Cell-Free MIMO with Rotatable Antennas: When Macro-Diversity Meets Antenna Directivity
Xingxiang Peng, Qingqing Wu, Ziyuan Zheng, Yanze Zhu, Wen Chen, Penghui Huang, Ying Gao, and Honghao Wang

TL;DR
This paper introduces rotatable antennas in cell-free MIMO networks to improve macro-diversity and fairness, optimizing both beamforming and antenna orientation for better worst-user rates.
Contribution
It develops an alternating-optimization algorithm and a two-stage scheme to jointly optimize beamforming and antenna orientations, enhancing network performance.
Findings
Orientation-aware designs significantly improve worst-user rates.
Larger antenna directivity boosts fairness with proper orientation.

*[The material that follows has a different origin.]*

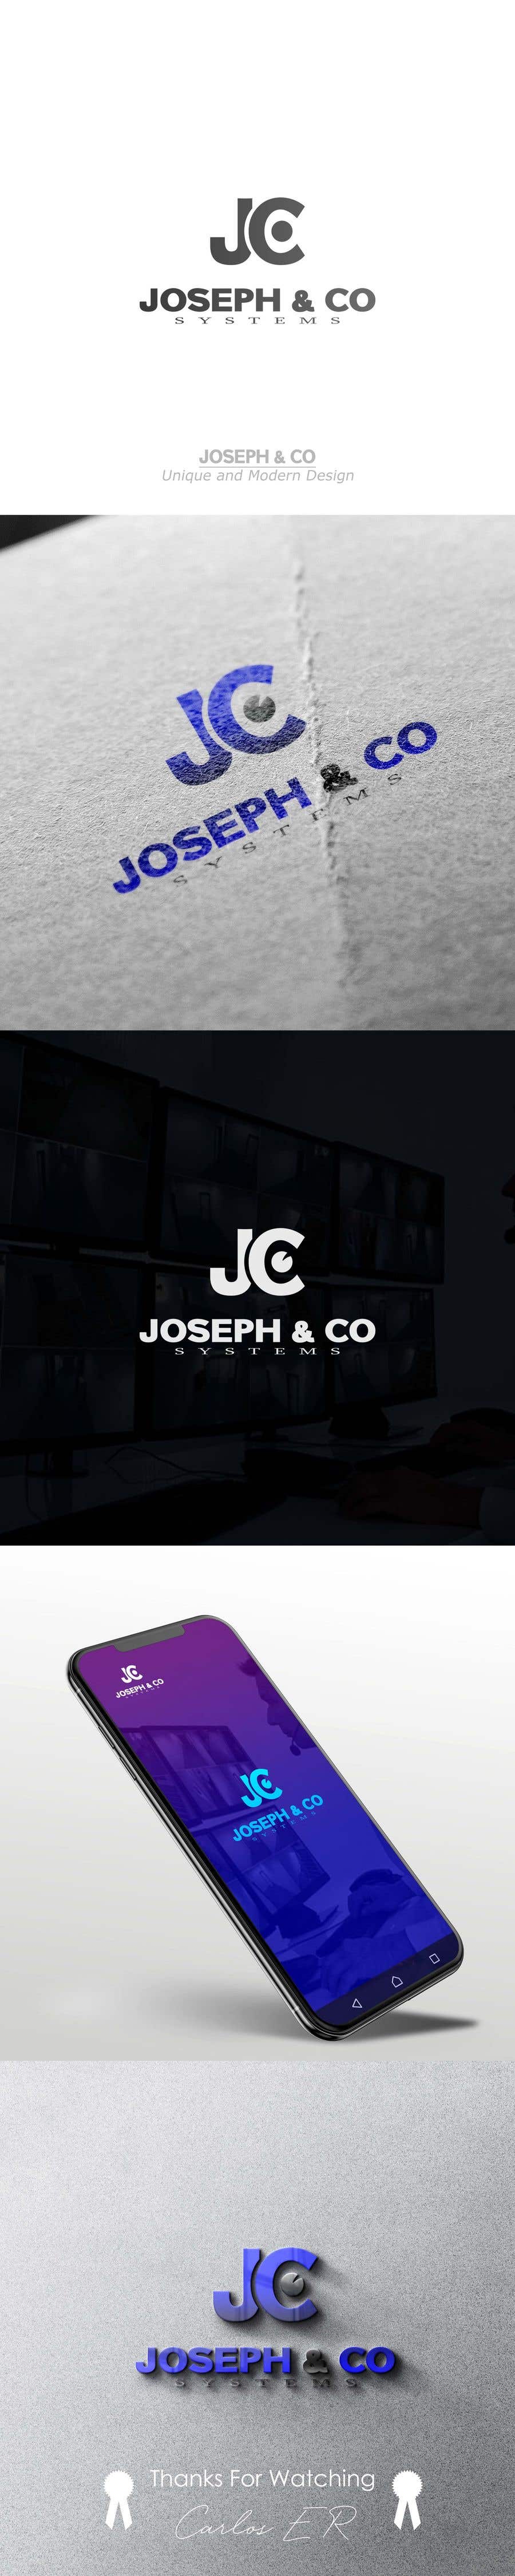 Contest Entry #101 for                                                 Joseph & Co. Systems - 29/11/2020 20:55 EST

The proposed methods outperform conventional beamforming benchmarks.
Abstract
Cell-free networks leverage distributed access points (APs) to achieve macro-diversity, yet their performance is often constrained by large disparities in channel quality arising from user geometry and blockages. To address this, rotatable antennas (RAs) add a lightweight hardware degree of freedom by steering the antenna boresight toward dominant propagation directions to strengthen unfavorable links, thereby enabling the network to better exploit macro-diversity for higher and more uniform performance. This paper investigates an RA-enabled cell-free downlink network and formulates a max-min rate problem that jointly optimizes transmit beamforming and antenna orientations. To tackle this challenging problem, we develop an alternating-optimization-based algorithm that iteratively updates the beamformers via a second-order cone program (SOCP) and optimizes the antenna orientations using…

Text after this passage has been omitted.